A general overview of what is needed to add support for new target language in reference KS compiler.

1. Get acquainted with KS as a user at least on the intermediate level

Things to check out and familiarize oneself with:

  • general .ksy structure, metadata

  • sequences and instances

  • primitive types

  • repetitions

  • user-defined types

  • enums

  • processing algorithms

Clone central KS repo, learn how to build a compiler from sources, install prerequisites, try to build the compiler and run the tests. Take a look at our CI.

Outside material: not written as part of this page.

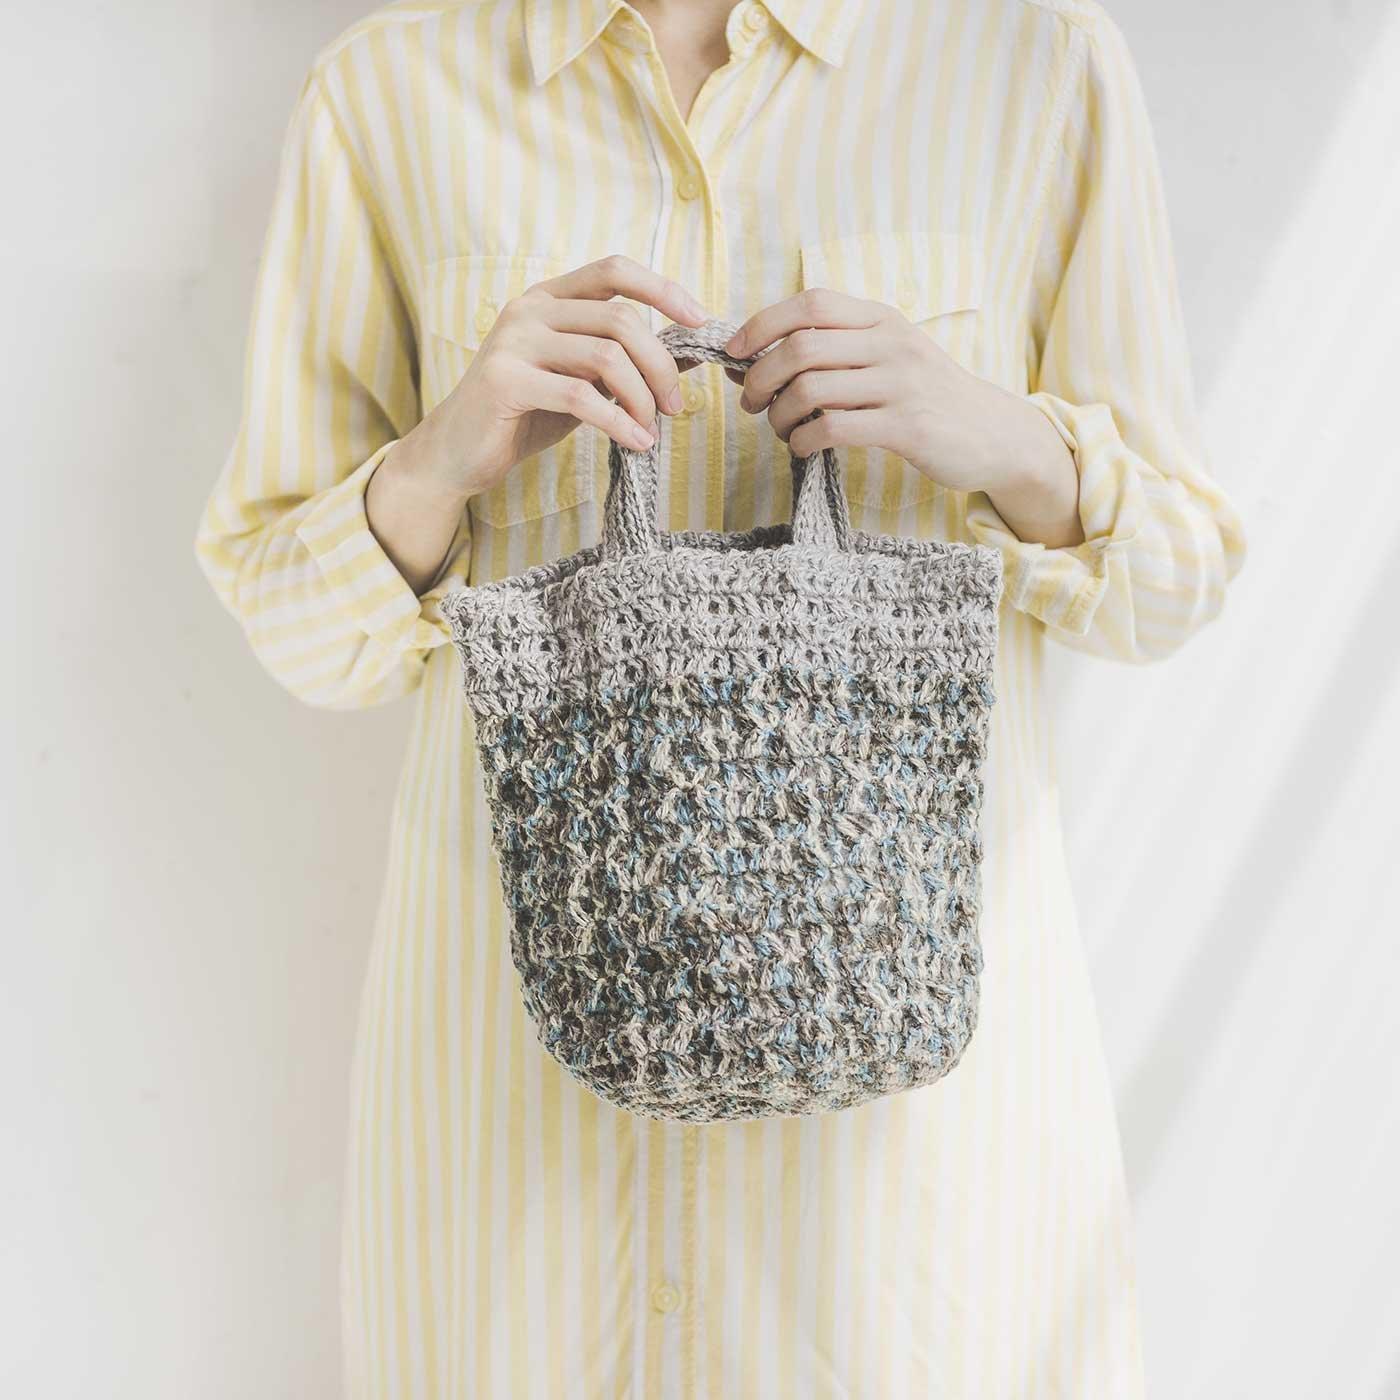 ナチュラルな糸ケナフで編む 丸底トートバッグキット

2. Plan how to map KS concept to concepts of new target language

The best way to get some inspiration in how it’s done is probably take one or two of existing target languages and experiment a little, seeing which KS concepts result in what generated code.

2.1. Structures

The core element that KS deals with is a "type". Basically, everything starts with a "type", i.e. a "file" is a "type". "Type" can include:

  • a collection of fields parsed sequentially (seq)

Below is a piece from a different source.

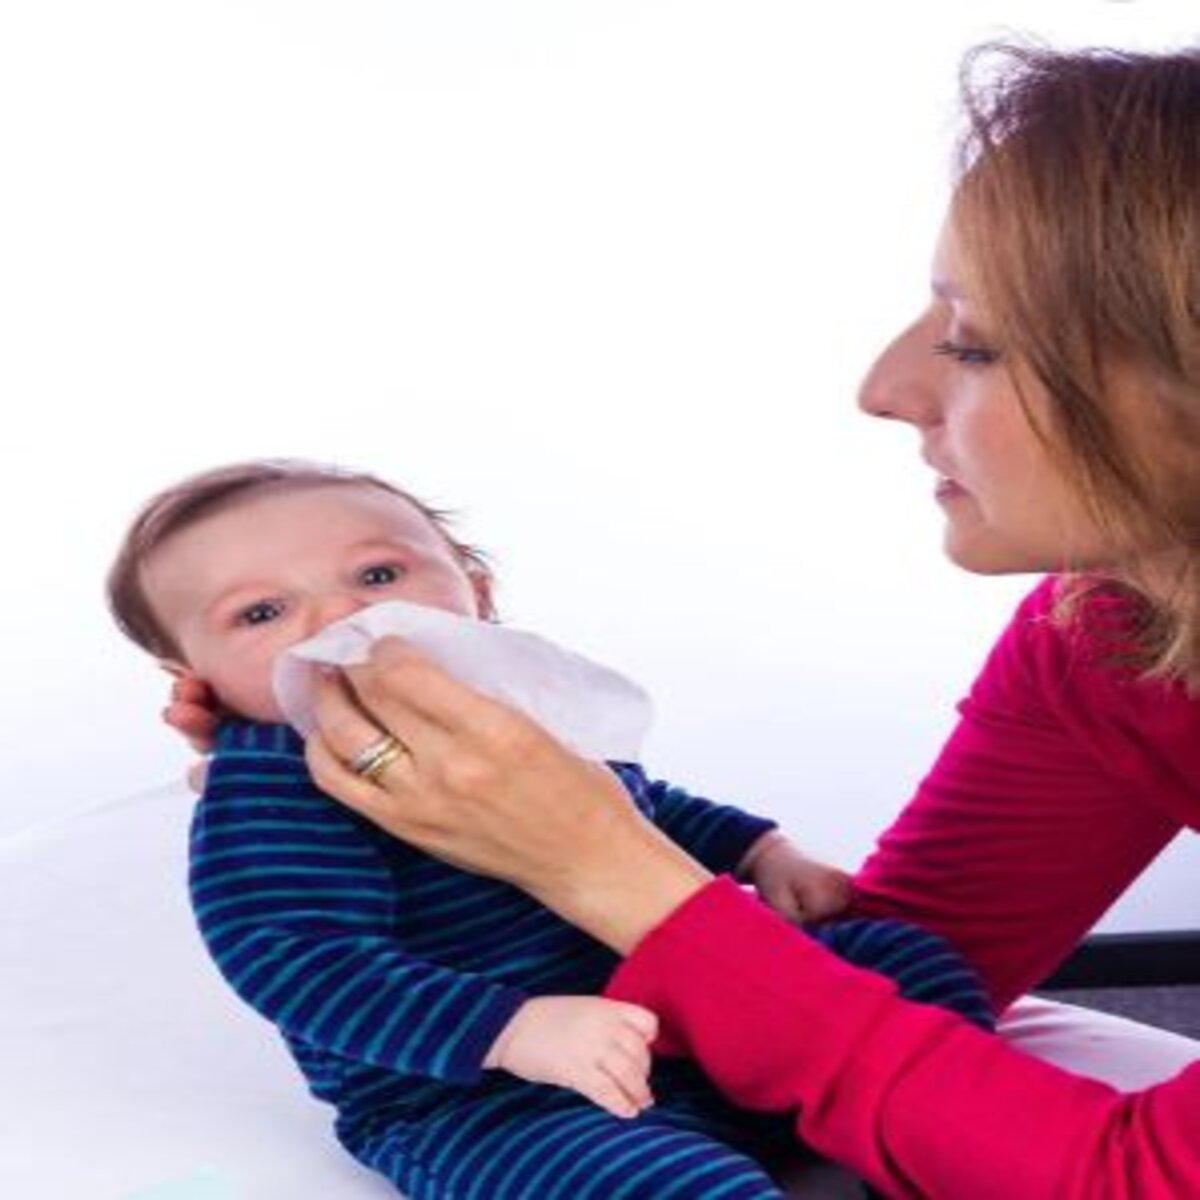 Assoar Baby Lenços Umedecidos com Solução salina

  • a number of fields parsed randomly or calculated (instances)

  • definition of nested types (types)

  • lists of integer constants (enums)

Most usually, a concept of "type" maps to a concept of "class" or "object" in target language, but it can be a standalone data structure with a couple of generated methods to work with it, or probably something completely different.

2.2. Streams

Struct has to parse the data from somewhere. Decide on which target language’s abstraction of stream is best (probably it’s good to support reading both from disk files, if they’re available, and from arbitrary byte buffers). One would probably need to implement a KaitaiStream-style wrapper for these stream(s), as it might lack some useful functions, like bit-level reading, read-until-the-terminator, etc.

2.3. Primitive and complex type mapping

KS deals with a few primitive and complex types:

  • integer numbers

  • floating point numbers

  • byte arrays

  • strings

  • "generic" arrays of everything

Decide upon mapping of all these types into native types of target language. Pay extra attention to:

  • signed vs unsigned support

  • if target language has any platform-dependent types

  • encoding support for strings

  • substitutions / workarounds for everything that target language does not support

  • nulls / undefined state of variables - these could be particularly useful to implement lazy instances parsing; if a language does not support such state of variables, we’ll have to introduce extra "flag" variables to store information

2.4. Coding standards, naming practices and other traditions in target language

Carefully check out different coding practices related to target language. If there is an official or semi-official standard or recommendation, try to follow it. Things to pay particular attention to:

  • naming standards (i.e. UpperCamelCase, lowerCamelCase, under_score_case, something else) for various parts of generated code (names of source files, classes, methods, properties, etc)

  • code formatting style and guidelines (indent size & practices)

  • docstrings layout and general documentation standards

  • private/protected/public access restriction traditions

3. Implement runtime library

Keeping it close to our standard API is heavily recommended, unless there’s some good reason to do it differently. In particular, try to stick to proposed method names, it will make life much easier.

4. Manually compile hello_world.ksy

Take one simplest test hello_world.ksy and translate it manually into source code in a new target language, as it would have been compiled by KS compiler. Inspiration can be drawn from any other already supported language.

5. Start testing

Choose a testing framework that target language would use. Ideally, we should be able to run it with installing little extra dependencies in our Travis CI configuration. At the bare minimum, we’ll need a command-line based test runner that will output some report file we can aggregate in our CI later (JUnit XML reports are usually good candidates).

Create testing infrastructure in tests repo: usually it boils down to:

  • spec/$LANG - a project or just a bunch of files with test specs; it’s heavily recommended to do 1 test .ksy format = 1 test case = 1 file, if possible

  • run-$LANG - a single script to launch test runner with all the tests

6. Port spec for HelloWorld

Port spec for HelloWorld test to new target language and make it work with manually compiled hello_world.ksy.